Custom Row Versioning - Part 1

by Nicolae Guse 13. August 2014 14:30

 

I'll never stop being amazed by the importance of stepping outside of your comfort zone. Even if most of us don't like doing this, often without realizing, once you start having that warm feeling of comfort, the technical progress starts slowing down and, sooner or later, you're bound to be surprised of what's just around the corner. But let’s dig into  this and you'll better understand what I mean.

 

A few years back we were using Microsoft Analysis Services as a core backbone component of our Business Intelligence system, on top of a Data Warehouse build on Microsoft SQL Server Database Engine. We were using MOLAP cubes containing aggregated data, build especially for decision making.
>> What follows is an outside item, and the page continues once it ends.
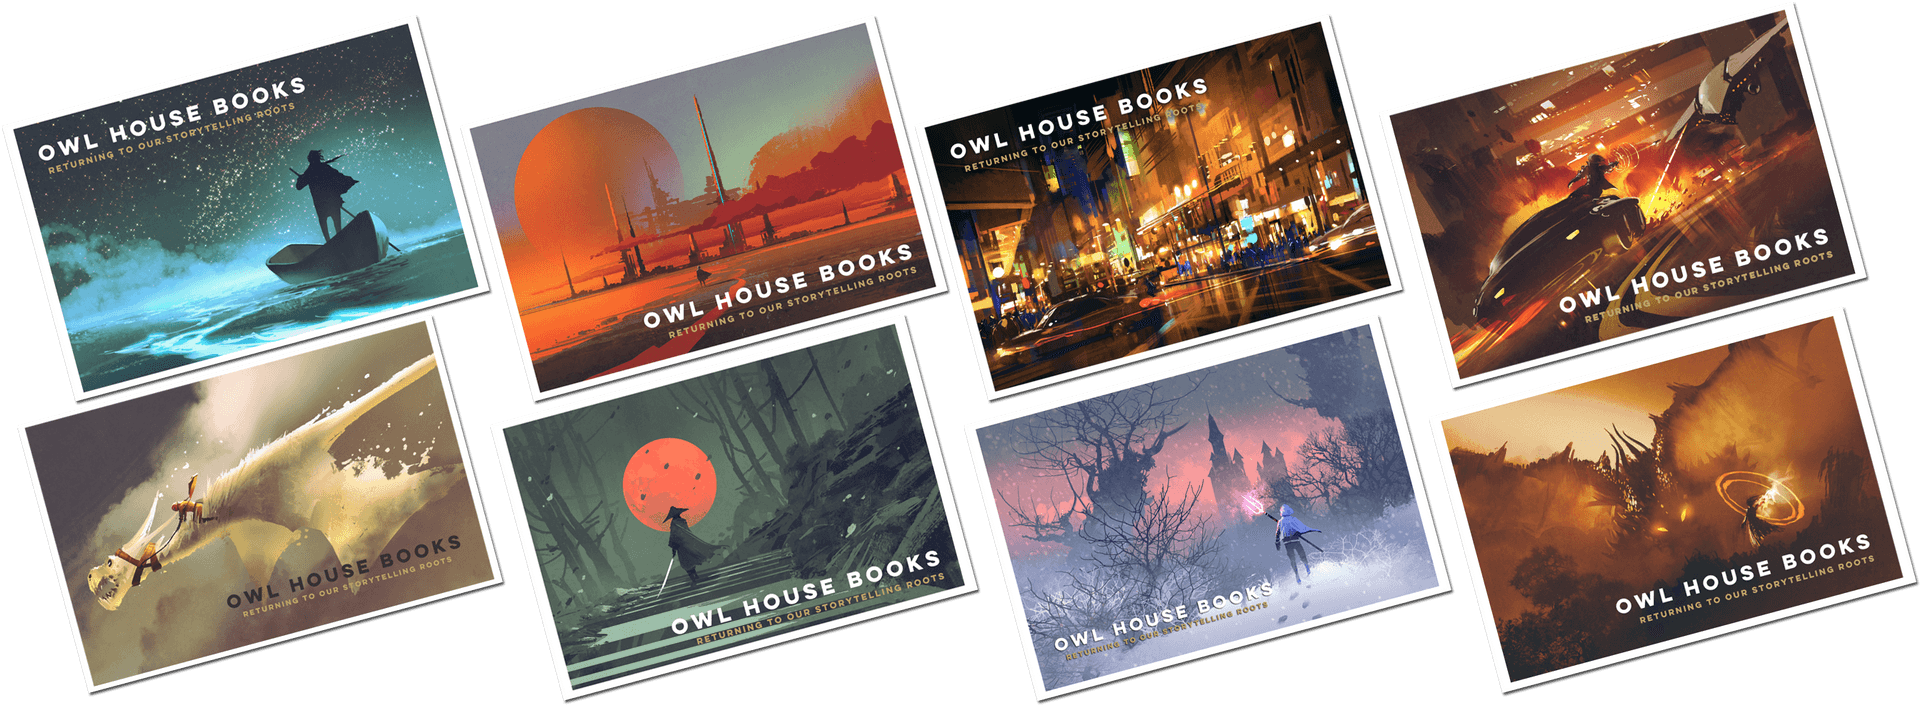 Owl House Books Postcard Collection PNG image

And for those users needing to perform operational reporting, we were building an SQL Server database, containing all details they needed. On top of both worlds we were using an in-house build reporting solution, based on Office Web Components. Perhaps not the most versatile reporting solution, but it was getting the job done.

 

And I would have said that everyone lived happily ever after but it wasn't quite so: some of the users were finding the custom reporting solution subpar, compared to other reporting solutions from the market. As time went by, and while using the tool in more and more complex ways, some of the customers found the lack of a more advance user interface a very serious limitation. In addition to this, Microsoft stopped their support for Office Web Components, which was mainly designed for Analysis Services 2000. Since back them we've migrated to Analysis Services 2005, already some of the more advance features were not supported.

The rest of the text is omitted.